[Data excerpts]

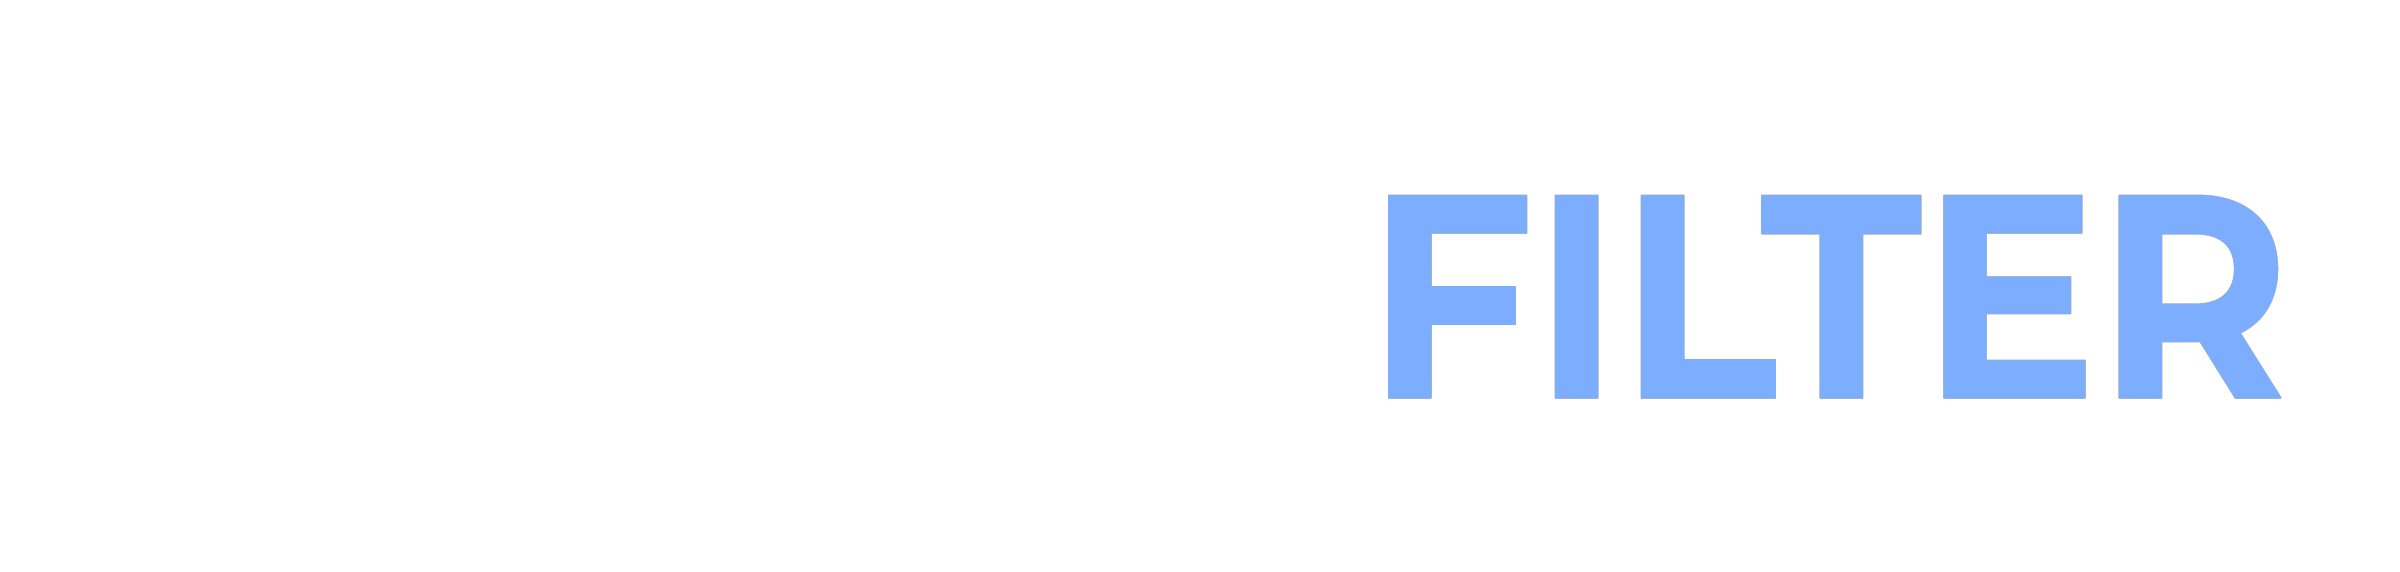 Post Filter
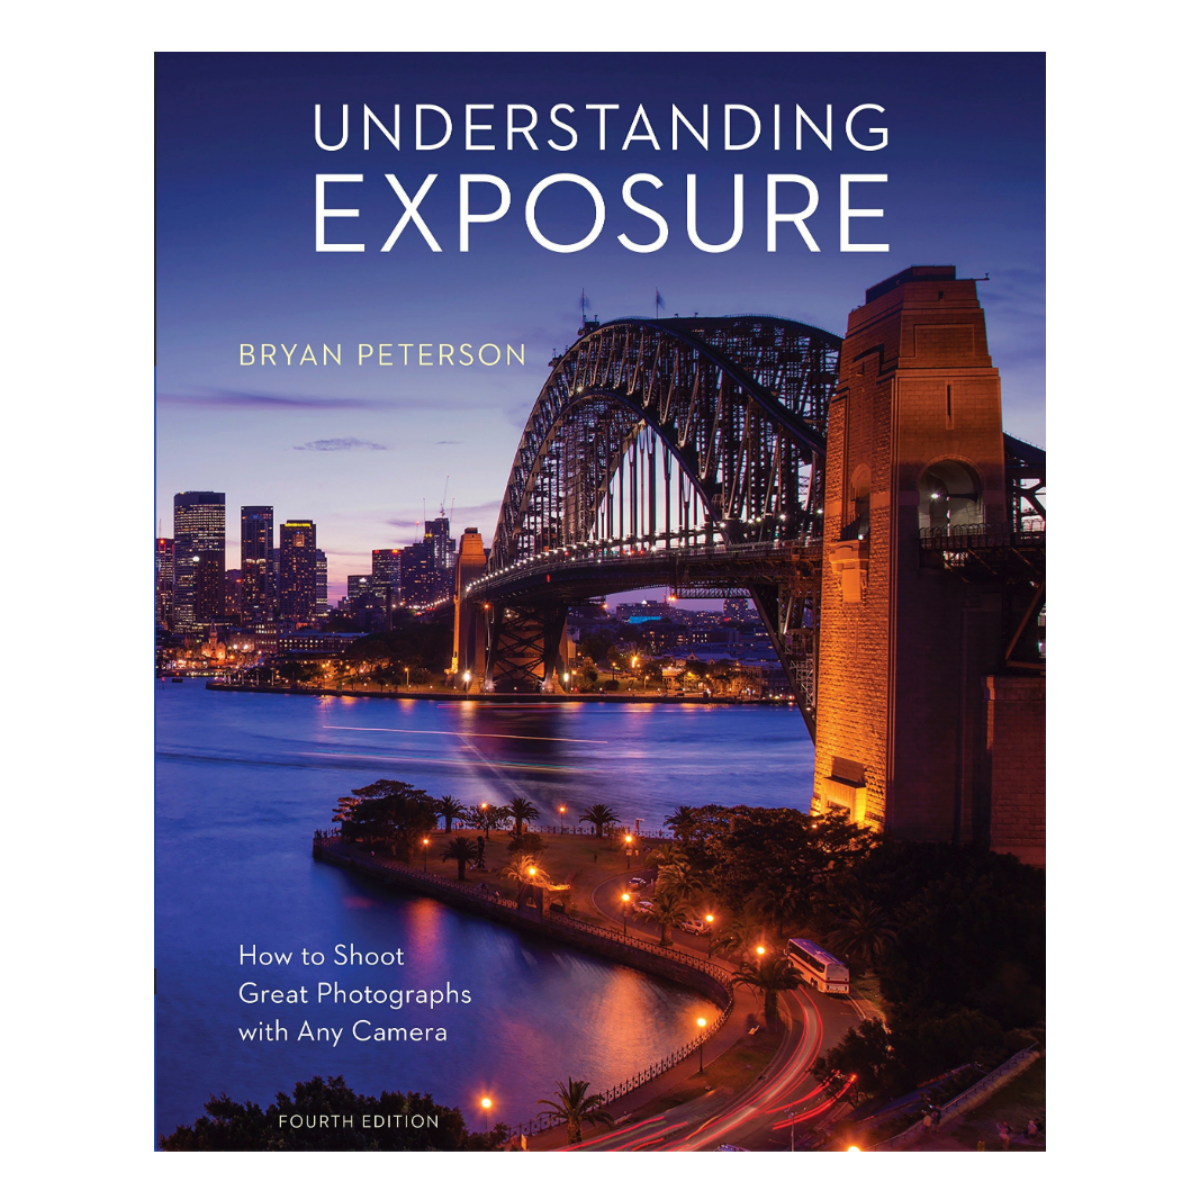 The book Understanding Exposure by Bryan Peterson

...

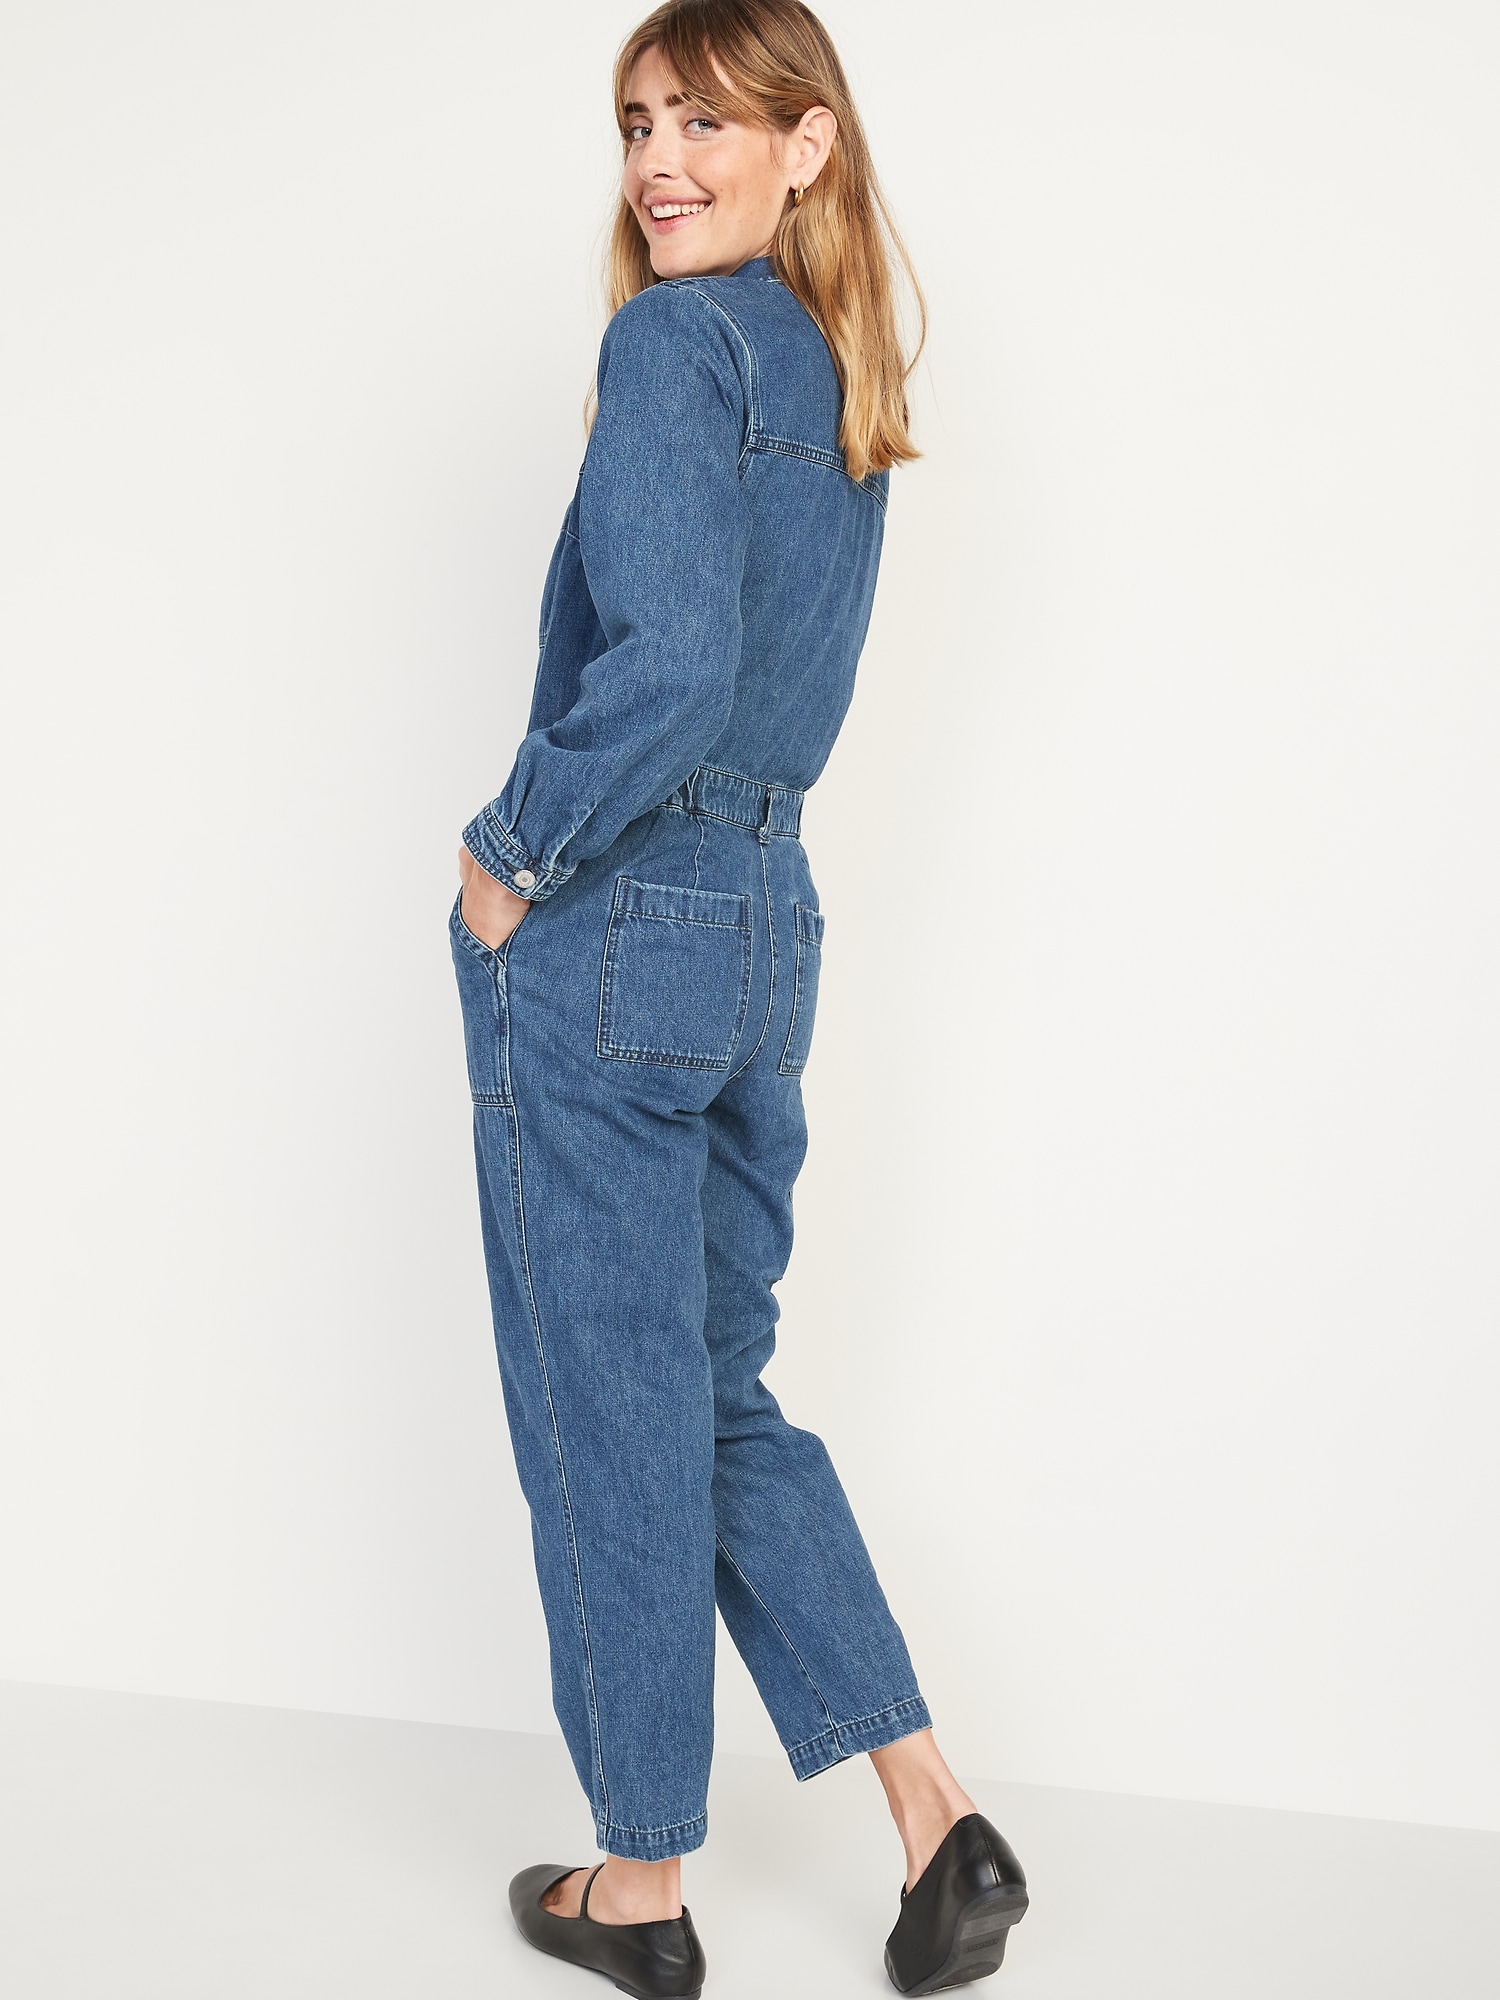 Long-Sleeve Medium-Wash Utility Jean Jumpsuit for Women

[Exercise]
Everything from the line above that contains "Post Filter" down to the line that contains "The book Understanding" must be reproduced exactly, both ends included. Omit the pictures.

[Answer box]
 Post Filter
 The book Understanding Exposure by Bryan Peterson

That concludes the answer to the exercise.